Updated on November 1, 2024.
Every 80 seconds, a woman dies from cardiovascular disease. In fact, it's the top killer of women around the world, claiming more lives than all forms of cancer combined. It’s the number-one cause of deaths in pregnant people and new mothers, too, with Black women dying at disproportionate rates compared to other women.
With staggering statistics like these, you’d think heart disease research would include a proportionate number of women. However, according to a 2020 study in the journal Circulation, women made up just 38.2 percent of participants in heart disease- and stroke-related clinical trials between 2010 and 2017. For heart-attack studies, the number was less than 27 percent.
“It is mind-boggling that women comprise 50 percent of the population, yet we are remarkably understudied,” says Rachel Beck, MD, a cardiologist in San Antonio, Texas.
Because research sets the standard for prevention and treatment, this invisibility can mean serious consequences for women’s heart health.
The dangers of excluding women
It’s well known that cardiovascular disease (CVD) affects men and women differently.

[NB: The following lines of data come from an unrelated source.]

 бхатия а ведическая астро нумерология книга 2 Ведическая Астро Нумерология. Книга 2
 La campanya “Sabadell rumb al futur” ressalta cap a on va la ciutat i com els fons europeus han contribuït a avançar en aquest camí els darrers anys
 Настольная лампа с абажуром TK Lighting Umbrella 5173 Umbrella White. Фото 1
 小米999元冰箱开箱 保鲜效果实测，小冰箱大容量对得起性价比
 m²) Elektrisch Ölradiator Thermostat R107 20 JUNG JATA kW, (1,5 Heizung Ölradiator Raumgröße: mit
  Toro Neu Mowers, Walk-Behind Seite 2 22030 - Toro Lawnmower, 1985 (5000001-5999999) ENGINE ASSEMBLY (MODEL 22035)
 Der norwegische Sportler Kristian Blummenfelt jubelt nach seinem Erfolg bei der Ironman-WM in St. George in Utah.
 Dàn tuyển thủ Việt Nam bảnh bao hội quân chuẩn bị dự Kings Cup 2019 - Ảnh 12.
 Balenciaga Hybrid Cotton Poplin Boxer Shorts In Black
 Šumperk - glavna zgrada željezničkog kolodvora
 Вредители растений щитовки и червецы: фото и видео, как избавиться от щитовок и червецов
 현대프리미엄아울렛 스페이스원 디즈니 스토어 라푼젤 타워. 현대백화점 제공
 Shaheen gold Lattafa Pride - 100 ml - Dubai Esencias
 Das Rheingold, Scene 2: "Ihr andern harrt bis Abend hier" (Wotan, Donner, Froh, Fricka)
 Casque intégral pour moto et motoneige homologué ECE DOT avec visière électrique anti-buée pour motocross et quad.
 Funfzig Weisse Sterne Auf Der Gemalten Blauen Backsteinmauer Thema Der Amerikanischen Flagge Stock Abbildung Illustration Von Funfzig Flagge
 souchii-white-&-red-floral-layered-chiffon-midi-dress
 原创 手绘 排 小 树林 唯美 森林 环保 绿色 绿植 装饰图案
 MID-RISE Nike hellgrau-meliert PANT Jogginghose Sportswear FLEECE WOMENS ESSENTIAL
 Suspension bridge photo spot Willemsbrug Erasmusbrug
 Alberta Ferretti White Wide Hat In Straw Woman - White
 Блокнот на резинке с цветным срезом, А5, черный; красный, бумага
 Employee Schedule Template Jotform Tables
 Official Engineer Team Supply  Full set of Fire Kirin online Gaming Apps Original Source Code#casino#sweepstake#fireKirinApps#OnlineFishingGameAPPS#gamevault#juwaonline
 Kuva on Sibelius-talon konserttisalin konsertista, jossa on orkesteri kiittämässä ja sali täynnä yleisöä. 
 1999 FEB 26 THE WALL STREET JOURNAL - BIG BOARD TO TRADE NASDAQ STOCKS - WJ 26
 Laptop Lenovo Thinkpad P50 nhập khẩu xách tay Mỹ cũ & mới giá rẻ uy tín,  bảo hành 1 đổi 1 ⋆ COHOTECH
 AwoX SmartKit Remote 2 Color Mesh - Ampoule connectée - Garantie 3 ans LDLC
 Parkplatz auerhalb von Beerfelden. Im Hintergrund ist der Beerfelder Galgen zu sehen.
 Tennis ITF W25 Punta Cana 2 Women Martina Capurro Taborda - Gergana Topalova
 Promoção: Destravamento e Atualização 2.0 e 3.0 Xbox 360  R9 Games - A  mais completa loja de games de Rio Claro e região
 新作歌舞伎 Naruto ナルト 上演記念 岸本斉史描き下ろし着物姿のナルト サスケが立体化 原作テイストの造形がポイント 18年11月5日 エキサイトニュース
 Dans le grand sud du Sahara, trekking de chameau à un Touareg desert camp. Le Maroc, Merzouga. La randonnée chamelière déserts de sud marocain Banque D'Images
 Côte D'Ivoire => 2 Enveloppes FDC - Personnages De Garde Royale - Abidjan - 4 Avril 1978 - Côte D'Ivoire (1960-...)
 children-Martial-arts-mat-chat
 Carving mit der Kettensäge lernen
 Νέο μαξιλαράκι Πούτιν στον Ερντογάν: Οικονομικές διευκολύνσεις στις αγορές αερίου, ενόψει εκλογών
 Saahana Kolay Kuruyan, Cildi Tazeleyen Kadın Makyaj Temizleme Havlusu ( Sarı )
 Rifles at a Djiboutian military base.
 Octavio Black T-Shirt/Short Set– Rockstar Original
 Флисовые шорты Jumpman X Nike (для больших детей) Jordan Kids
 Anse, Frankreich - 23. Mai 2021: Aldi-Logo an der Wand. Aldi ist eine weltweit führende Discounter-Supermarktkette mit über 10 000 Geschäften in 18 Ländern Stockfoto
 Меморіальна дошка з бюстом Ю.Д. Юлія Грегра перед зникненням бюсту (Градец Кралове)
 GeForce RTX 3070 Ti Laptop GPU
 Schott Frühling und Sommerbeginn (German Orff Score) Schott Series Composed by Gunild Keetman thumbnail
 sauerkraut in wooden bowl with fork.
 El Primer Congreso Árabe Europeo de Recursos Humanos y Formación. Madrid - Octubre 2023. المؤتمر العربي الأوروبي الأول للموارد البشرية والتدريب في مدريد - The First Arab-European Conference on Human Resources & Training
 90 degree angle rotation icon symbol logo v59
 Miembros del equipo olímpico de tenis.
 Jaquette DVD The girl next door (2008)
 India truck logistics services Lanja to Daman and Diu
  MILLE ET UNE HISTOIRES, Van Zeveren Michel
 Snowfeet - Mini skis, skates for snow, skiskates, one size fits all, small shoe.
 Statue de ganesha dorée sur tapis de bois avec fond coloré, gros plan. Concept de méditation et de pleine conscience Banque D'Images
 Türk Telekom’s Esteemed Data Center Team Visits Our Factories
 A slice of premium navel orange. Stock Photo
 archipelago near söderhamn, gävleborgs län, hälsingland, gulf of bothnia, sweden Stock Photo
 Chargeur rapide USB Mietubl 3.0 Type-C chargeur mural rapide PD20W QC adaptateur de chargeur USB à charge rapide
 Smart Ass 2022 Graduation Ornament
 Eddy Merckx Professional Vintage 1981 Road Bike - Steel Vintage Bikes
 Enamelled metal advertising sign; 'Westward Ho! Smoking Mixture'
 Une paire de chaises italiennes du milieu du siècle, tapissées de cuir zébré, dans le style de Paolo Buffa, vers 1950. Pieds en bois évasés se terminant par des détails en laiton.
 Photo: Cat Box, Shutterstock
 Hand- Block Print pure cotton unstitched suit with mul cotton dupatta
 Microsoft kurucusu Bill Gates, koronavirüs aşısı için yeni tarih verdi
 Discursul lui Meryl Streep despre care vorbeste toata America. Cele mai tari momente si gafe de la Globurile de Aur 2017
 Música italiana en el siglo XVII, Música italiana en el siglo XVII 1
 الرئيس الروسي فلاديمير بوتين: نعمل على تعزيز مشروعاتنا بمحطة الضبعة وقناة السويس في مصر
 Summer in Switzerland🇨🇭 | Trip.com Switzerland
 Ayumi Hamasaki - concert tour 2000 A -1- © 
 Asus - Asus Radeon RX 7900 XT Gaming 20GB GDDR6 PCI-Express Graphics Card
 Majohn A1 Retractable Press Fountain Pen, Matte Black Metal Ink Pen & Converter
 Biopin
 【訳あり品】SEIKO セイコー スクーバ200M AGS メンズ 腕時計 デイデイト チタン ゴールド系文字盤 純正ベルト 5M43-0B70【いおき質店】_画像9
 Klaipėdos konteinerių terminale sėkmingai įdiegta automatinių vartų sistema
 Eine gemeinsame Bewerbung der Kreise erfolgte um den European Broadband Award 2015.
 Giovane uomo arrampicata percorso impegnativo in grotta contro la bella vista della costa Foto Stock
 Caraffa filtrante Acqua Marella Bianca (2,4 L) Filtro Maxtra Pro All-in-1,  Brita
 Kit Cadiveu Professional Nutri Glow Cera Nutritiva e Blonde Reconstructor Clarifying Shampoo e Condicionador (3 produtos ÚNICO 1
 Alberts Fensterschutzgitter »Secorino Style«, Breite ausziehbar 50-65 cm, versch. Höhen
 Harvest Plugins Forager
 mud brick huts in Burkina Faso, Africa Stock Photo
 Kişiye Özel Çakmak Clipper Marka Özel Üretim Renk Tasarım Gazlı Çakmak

Though chest pain is the number one symptom in women as it is in men, women are more likely than men to have subtler symptoms of heart attack, such as indigestion, shortness of breath, and back pain. Women are also usually affected later in life and have some different risk factors for the disease. These include higher rates of depression, anxiety, rheumatologic diseases like lupus, and pregnancy-related factors.
When these biological differences aren’t taken into account, in research or in the doctor’s office, it puts women at risk, says Saritha Dodla, MD, a cardiologist in Fort Worth, Texas.
Dr. Beck agrees.
“What works for a man doesn’t always work for a woman,” Beck says. When women are excluded from research, she adds, they “may receive therapy that is ineffective or harmful, or they may be withheld therapy altogether.”
Research shows that after a heart attack, healthcare providers (HCPs) tend to treat women less extensively than they treat men. For example, women are less likely to get procedures to open up clogged arteries.
On the other hand, Dr. Dodla says, gender-specific research can help HCPs better understand how heart disease progresses in women, so they are better able to effectively diagnose and treat their female patients. More parity in research would also make it easier to educate female patients on their specific risk factors for the disease—and how to prevent it.
Why aren’t more women included in heart disease research?
Even though heart disease kills more women each year than men, it’s long been mistakenly considered a men’s health issue. That means that research efforts are continually skewed toward middle-aged males, according to both Beck and Dodla.
In fact, in 1977, the U.S. Food and Drug Administration issued guidance that barred women of childbearing age from participating in clinical trials. The aim was to protect them and developing fetuses, but the flipside was that research became one-sided from a gender perspective. (The FDA lifted the ban in 1993.)
Many trials’ criteria for participation don’t take sex sufficiently into account. For instance, if a trial excludes elderly participants, it may automatically reduce women’s enrollment in some cases because among older people with heart failure, there are more women than men. Trials led by men also seem to enroll fewer women, one study found. And it appears that fewer women than men get referred for potential participation in research trials in the first place.
Women are also thought to have less available time to participate due to family and childcare responsibilities. Evidence also suggests women may be more wary than men of participating.
Taking charge of your heart health
In light of all this, what can you do to protect your heart? Begin by being your own health advocate, says Beck.
“Women are urged to seek screening, know their family history, and take a proactive stance on their own health,” she says. That means educating yourself on the risk factors and symptoms of heart disease and doing your best to follow a heart-healthy lifestyle.
Also, talk to your HCP about having regular cholesterol screenings and blood pressure testing, says Dodla. Then ask what those results mean, and what changes you should make, if any.
“In order to effectively treat a condition, it must be considered early by the patients and practitioner,” says Beck. “Change is happening, but it will take more time.”